DATA BLOCK:

********

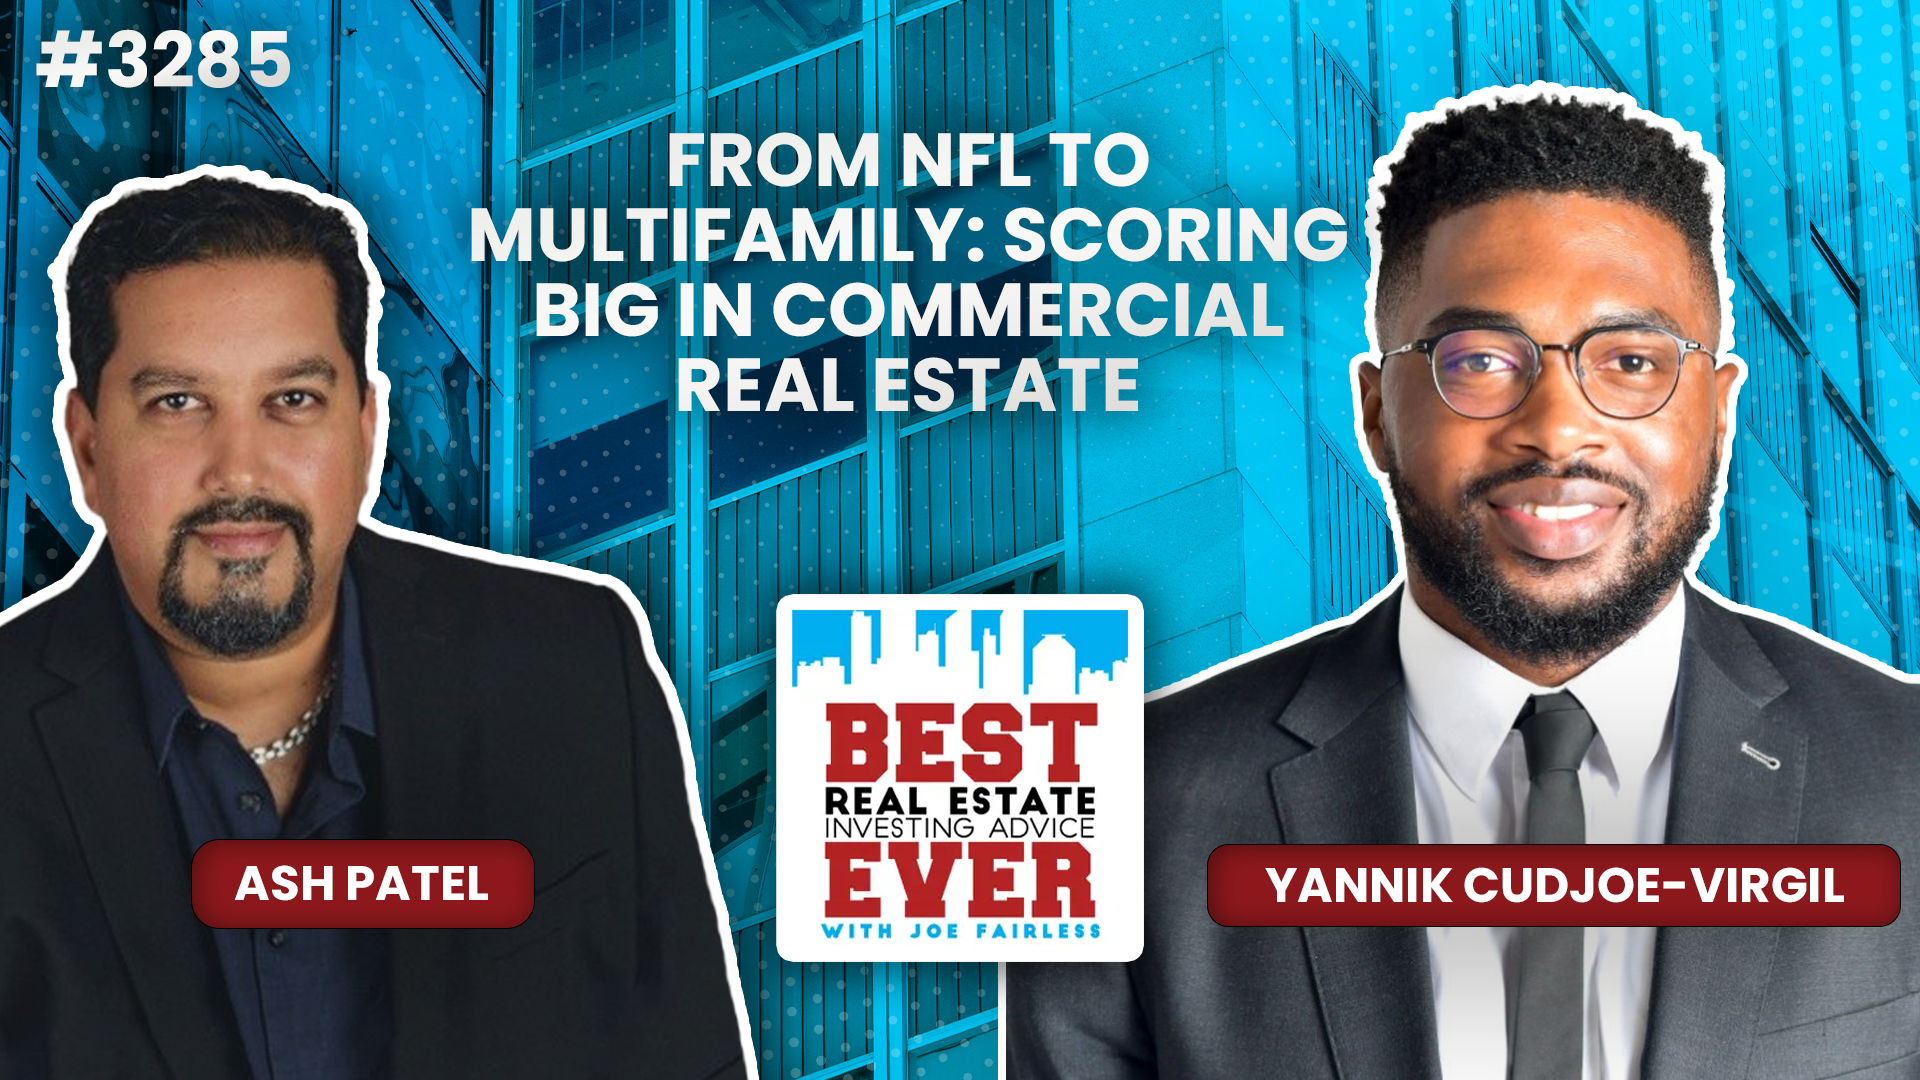 JF3285: Yannik Cudjoe-Virgil - From NFL to Multifamily: Scoring Big in Commercial Real Estate
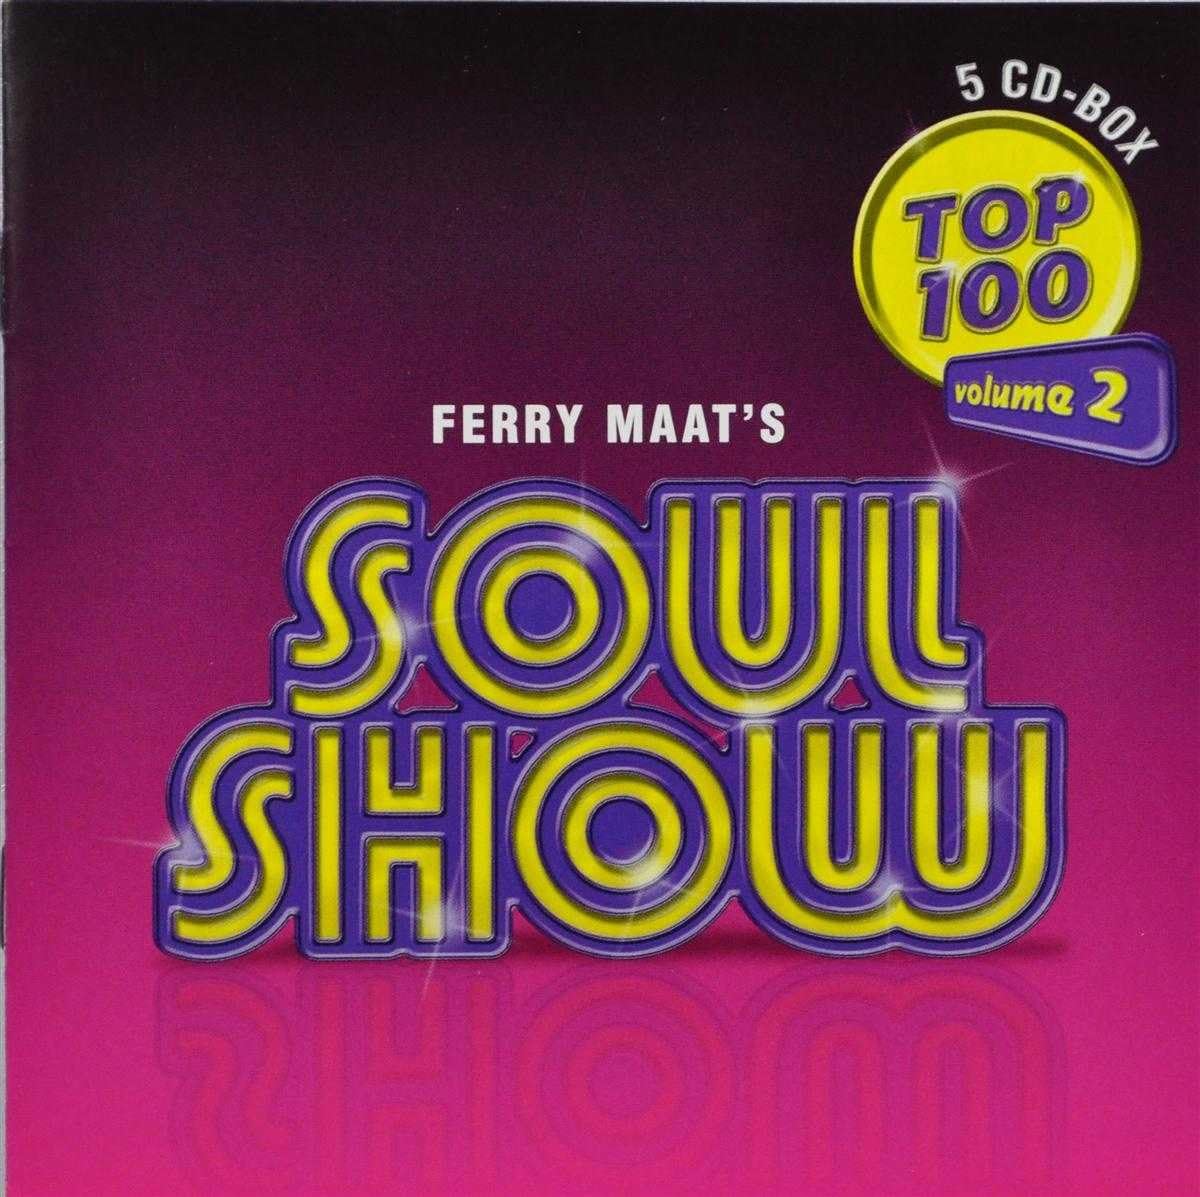 Ferry Maats's Soulshow Top 100 Vol 2
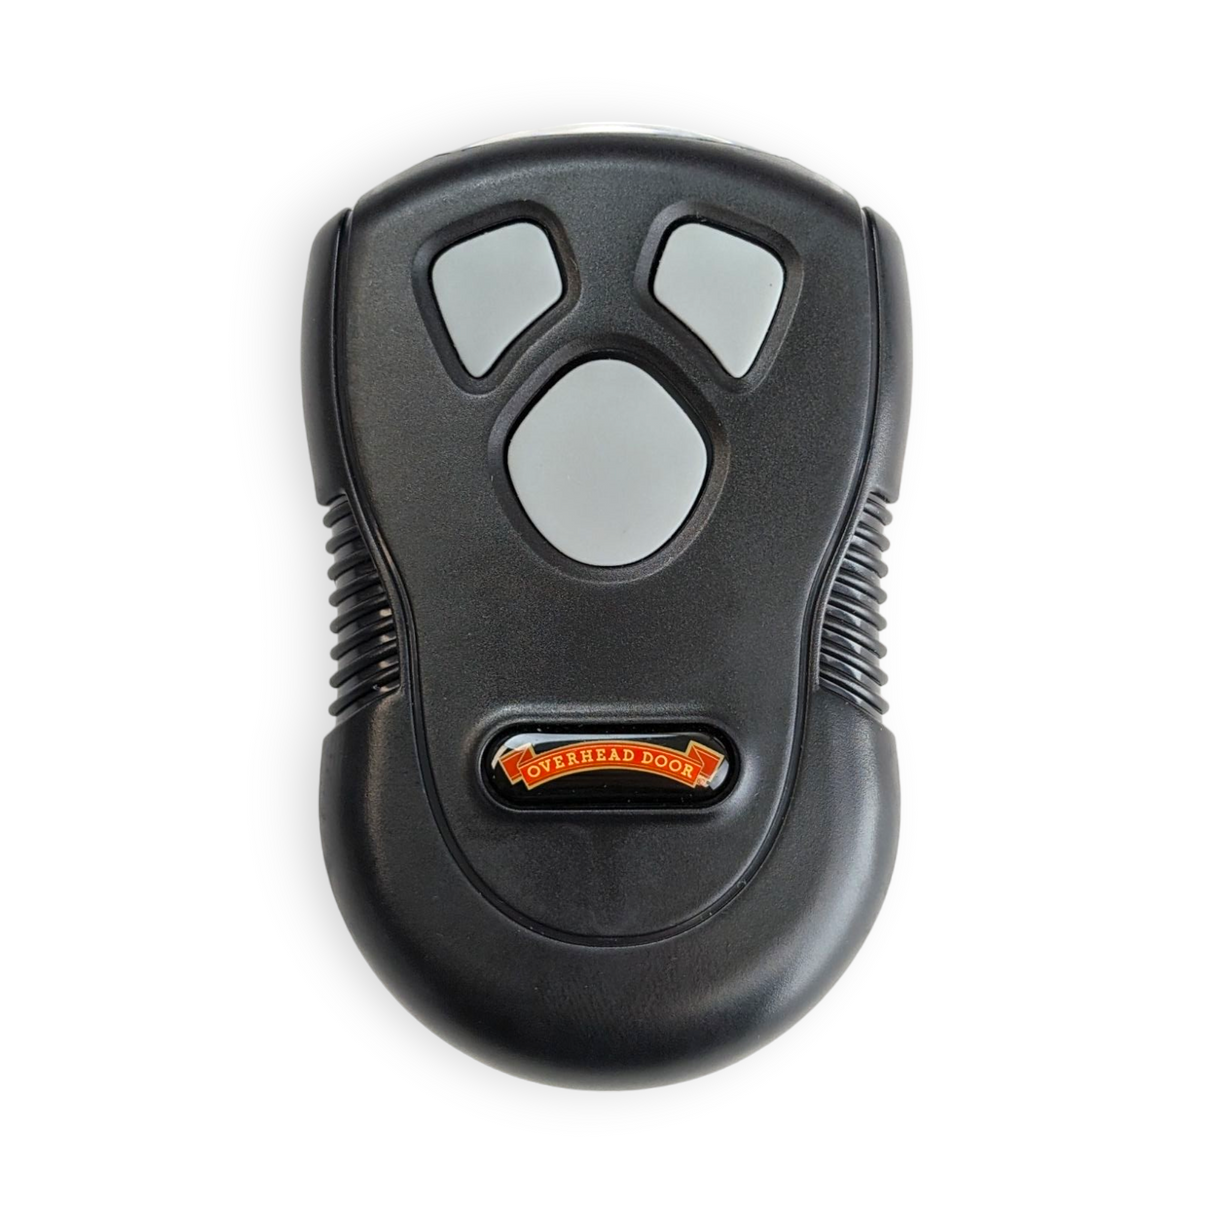 3 Button Remote with Flashlight | OCDFTD-3BL

********

WORK TO COMPLETE:
Find the line with "Ferry Maats's Soulshow Top 100 Vol 2" in the listing and extract it and all lines after it through the end, exactly, without the pictures.

EXERCISE ANSWER:
 Ferry Maats's Soulshow Top 100 Vol 2
 3 Button Remote with Flashlight | OCDFTD-3BL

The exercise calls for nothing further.